29. (8 points in this question) A communication company has introduced ① and ② two communication charging methods for users.
Yes, one of them has a monthly fee, and the other has no monthly fee. The functional relationship between the communication time x (minutes) and the fee y (yuan) of the two charging methods is as shown in the figure.
(1) The charging method with monthly fee is (fill in ① or ②).
The monthly fee is 100 yuan;
(2) Calculate y and independent variable by ① and ② charging methods respectively.
The functional relationship between x;
(3) Please give economic facts according to the communication time of users.
Hui's choice suggestion.
In the eighth grade, the first volume of the final examination paper of mathematics, Su Keban's answer 1, fill in the blanks (2 points for each question)
1、3; -3; 2, 4; 5 3、2; 3 4、-3; -2 5、- 1; Minus 6,30 o 80 o
7、6; 20 8、8.97? 104 9、y=-3x+5 10、20 1 1、75 o 12、 18
Second, choose
13、A 14、C 15、A 16、D 17、B 18、C 19、B 20、D 2 1、B
Three. 22.( 1) (2 points) (4 points, 1 is one)
(2) The original formula =4-2-3(3 points) =-1 (4 points)
23.( 1)① Omit (2 points) ② point C? (-2.5)(4 points)
(2)(2) ① As shown in the figure, (2 points) ②(-n, m) (4 points)
24.( 1) The total number of people is 50, so a = 50-15-5-20 =10 (1).

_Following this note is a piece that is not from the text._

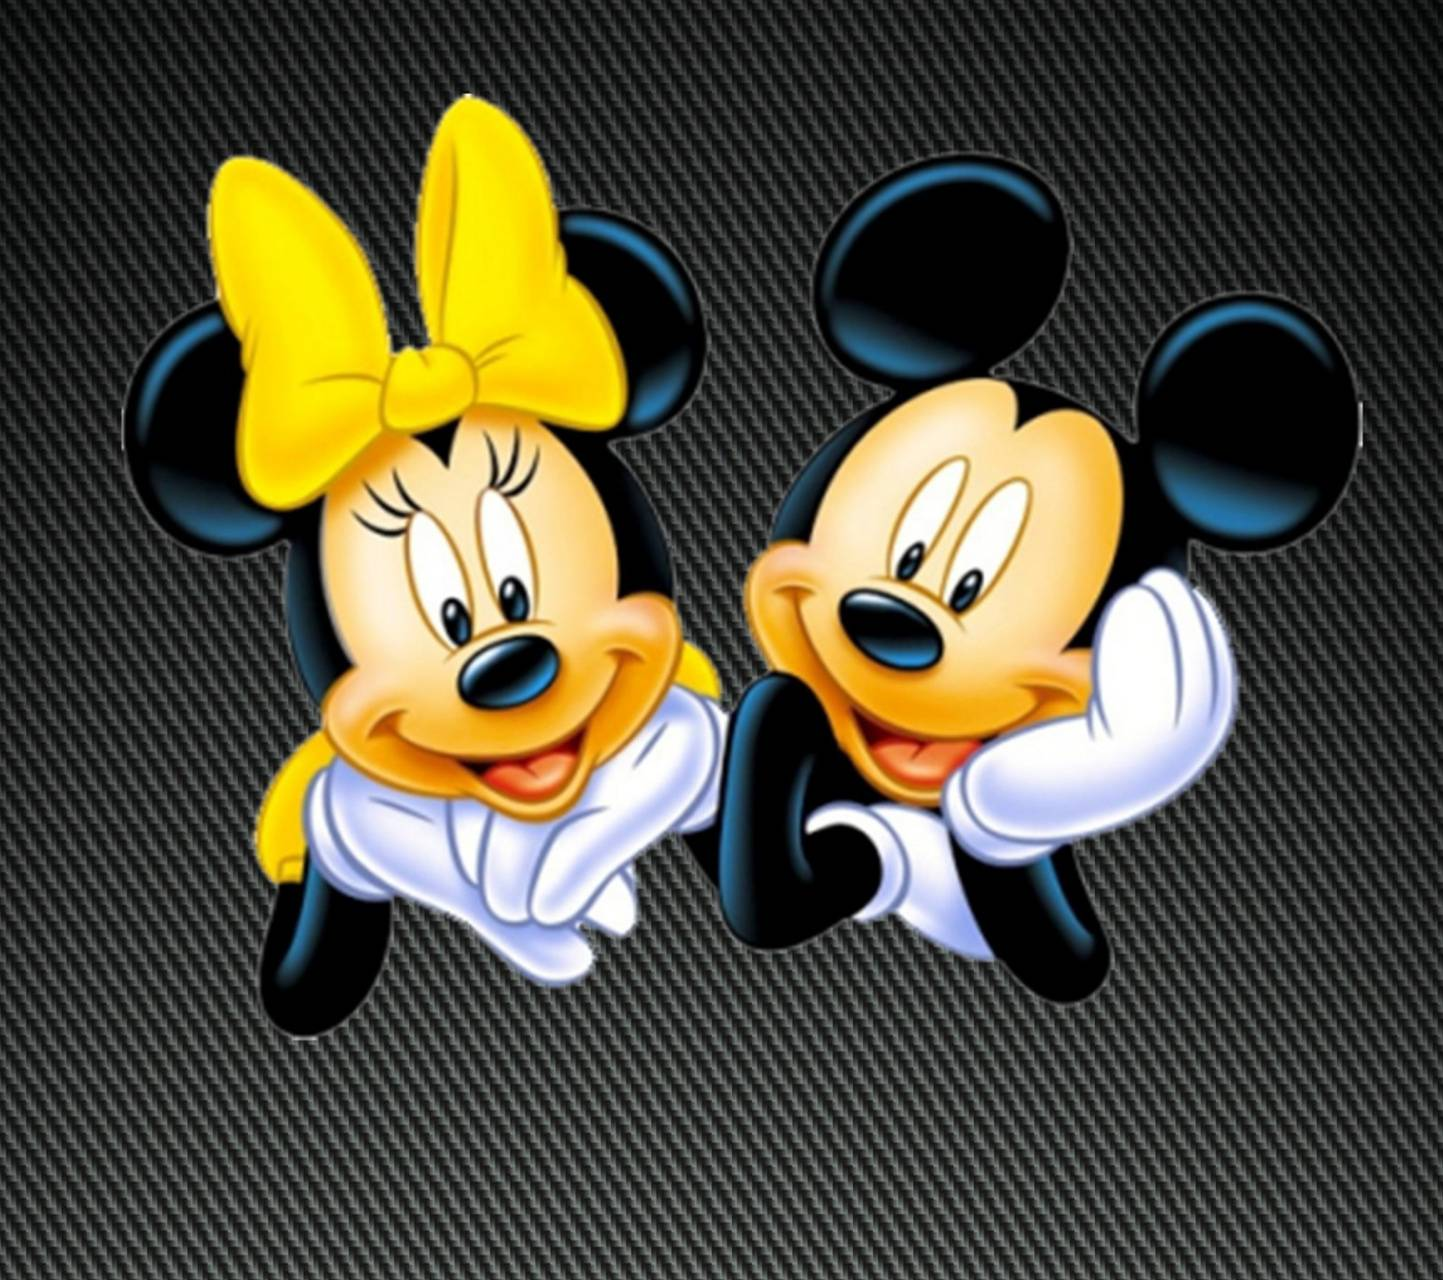 Mickey Minnie Wallpaper By Lovey 9b Free On Zedge

(2) The pocket money of 20 people this week is 15 yuan, which is the most frequent, so the pattern is15; (3 points) = 12. (5) The median is 12.5(7).

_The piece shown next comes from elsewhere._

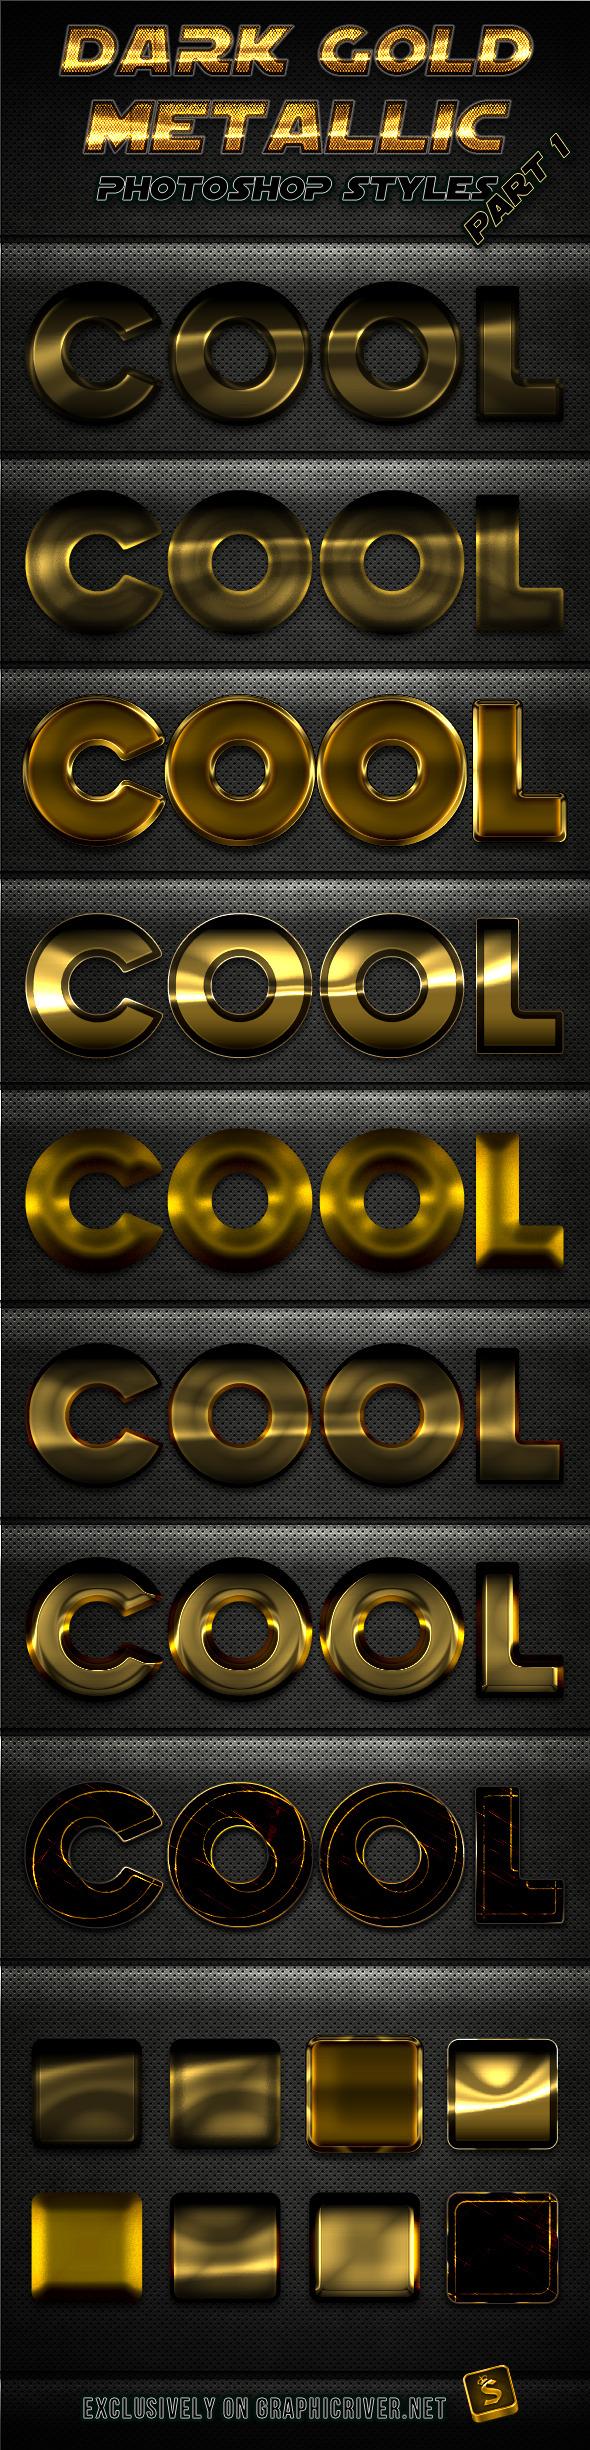 Dark Gold Metallic Photoshop Styles - Part 1 - Text Effects Styles

25. The quadrilateral ABCD is a parallelogram. (1) △ AOE △ DOB (3) gives AE=BD(4).
∫AE∨BD,? The quadrilateral ABDE is a parallelogram. (6 points)
26.( 1) in the rectangular OABC, OA//BC? CDO=? And then use AD=AO to get DOA( 1)? ADO=? Direction of arrival (2 points)
? CDO=? Addo (3 points)
(2) In Rt△ABD, BD2=AD2-AB2 BD=8(4 points) CD=2 (5 points) D (2 2,6) (6 points).
27.( 1) Because the quadrilateral ABCD is a square, BC=DC( 1 point). DCB=? DCF=90? (2 points), and CF=CE, then △ BCE △ DCF (3 points).
(2) (4 points) △ BCE △ DCF is known from (1), so? CDF=? CBE, what else? CEB=? What about DEG? DGE=? BCE=90? (5 points) because Be is equally divided again? DBC, so GF=GD. (6 points) and O squared the center of ABCD, then OG is the center line of △DBF, so. (7 points)
28. Solution: (1) substitute X =-2, Y = 4 to get 4=-2m, m=-2( 1), (2).
(2) Replace Y = 2x with x=-4, and Y =-8b (-4, -8) (3 points).
Because the straight line passes through a (-2,4) and b (-4,8).
So k=6, b= 16 y=6x+ 16, (5 points, find a value of k and b for 1 minute).
Let AB and X axis intersect at point C, at y=6x+ 16, let y=0, and x= (6 points) is obtained.
S△ABO= S△ACO +S△BCO= (8 points) (ladder division reference score)
29. Solution: (1) ① (1); 30(2 points)
(2) let Y have =k 1x+ b and Y have =k2x, and get (3 points) b=30(4 points) (5 points).
Therefore, the analytical formula is y = 0.1x+30; Y none = 0.2x 。
(3) If Y has =y has nothing, then 0.2x=0. 1x+30, and the solution is x = 300.
When x=300, y=60. (6 points)
Therefore, it can be seen from the figure that when the call time is less than 300 minutes, it is economical to choose the call mode ② (7 points); When the call time exceeds 300 minutes, it is more economical to choose the call mode ① (8 minutes).